Friday, November 27, 2015

4 picture books that explore what it's like to be a refugee

I'm a little late on this post as Thanksgiving Day has passed, but honestly, why should feelings of gratitude and thankfulness abruptly give way to the materialistic frenzy of Black Friday? They shouldn't. I'm still immensely thankful to have a lovely home and to have my family near me: safe, happy and healthy. And when so many in this world do not have a home and are not able to keep their families safe and happy and healthy, I hope I'll continue to be thankful regardless of the day or season. In particular, knowing that hundreds of thousands of Syrian men, women and children are terrorized and displaced by ISIS humbles me. The heated debates over this crisis in the news and on social media show that it's easy to let fear, mistrust, self-righteousness and self-love be the lens through which we see the world. But because of Jesus, I'm compelled toward compassion, and I hope to model it for my boys. So with these thoughts in mind, I bring you four moving picture books (found at my local library) that make the concept of a refugee a little more personal.

For me, How Many Days To America?: A Thanksgiving Story by Eve Bunting and illustrated by Beth Peck perfectly united both a sense of gratitude for our country's freedoms and bounties as well as a sense of duty to maintain our long tradition of receiving those who are fleeing religious and political persecution. For my kids, it tells a rather gripping tale of a family who leave all their possessions behind to escape their Caribbean island home by boat. They face rough weather, food shortages, pirates and rejection from other potential destinations before finally being received in the United States on Thanksgiving day. While I found the story engrossing and my boys aged 2-7 stayed tuned in to the end, they were mostly interested in knowing whether pirates still existed today and why the pirates in the book didn't look like the Veggie Tale variety.
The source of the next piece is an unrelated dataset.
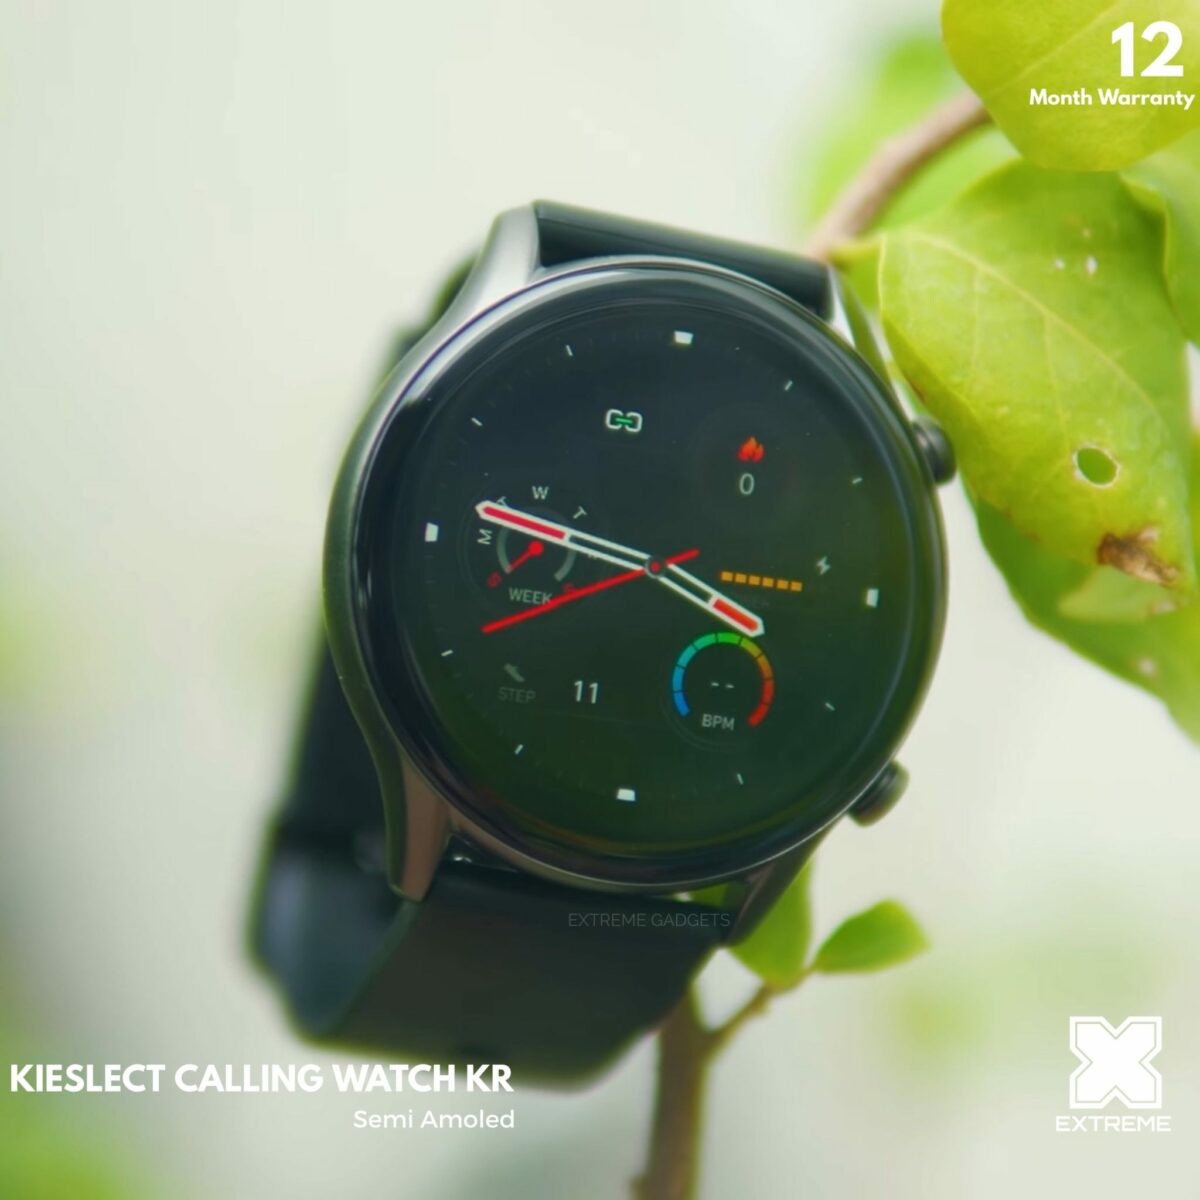 Kieslect KR Smart Calling Smartwatch

Gleam and Glow, also written by Eve Bunting and gorgeously illustrated by Peter Sylvada, is another picture book that tugs on heart strings as it depicts the fear and uncertainty faced by a young Eastern European family forced to leave their beloved farm and escape on foot for a refugee camp. The night before leaving, a little boy releases his younger sister Marina's beloved pet fish into their pond because, even "an extra day or two of life is as important to a fish as it is to us." Many months later, when the family returns to their country, they find a landscape charred by war. Their own farm has only small resemblances to the home they once knew. Marina rushes to the pond, hoping to find her two fish. What she finds instead shocks the entire family and serves as a fitting metaphor for the refugee experience.

How I Learned Geography by Uri Shulevitz  is a beautiful picture book that tells the author's own story of being a refugee in a strange new country. Instead of emphasizing the fears Jews faced during World War II, Shulevitz focuses on the extreme poverty, hunger and a longing for escape that accompany refugee life. He does this by telling what happens when his father returned from the bazaar not with the promised bread that would be the day's meal, but with a beautiful wall-sized map. At first bitter about having to sleep on an empty stomach, the young Uri eventually is able to escape his hunger through an imagination-fueled adventure inspired by the map.

The Journey That Saved Curious George by Louise Borden and illustrated by Allan Drummond uses a scrapbook format to chronicle the story of Margret and H.A. Rey, both Jewish and both originally from Hamburg, Germany. This book is really neat for several reasons. First, all three of my kids are or at least have been Curious George fanatics. This book is a worthwhile read just to get to know the husband and wife team that dreamed up this little monkey. (Fun Fact: They had two pet marmosets as newly weds in Brazil.) Second, the Reys were truly global citizens-- speaking many languages and living in Germany, Rio de Janeiro, London, Paris, Lisbon and eventually the U.S. My oldest son has really enjoyed learning Spanish in school. This book shows him the freedom, adventure and opportunities multilingualism can afford. Finally, and most importantly, the story gently introduces children to the drama of World War II, as the Reys narrowly escaped Paris on bicycles days before Hitler's invasion. Like my other three picks for the "Children's Refugee Picture Book" genre, it provides a hopeful, happy ending, despite some harrowing days of fleeing before dawn and depending on strangers for food and lodging.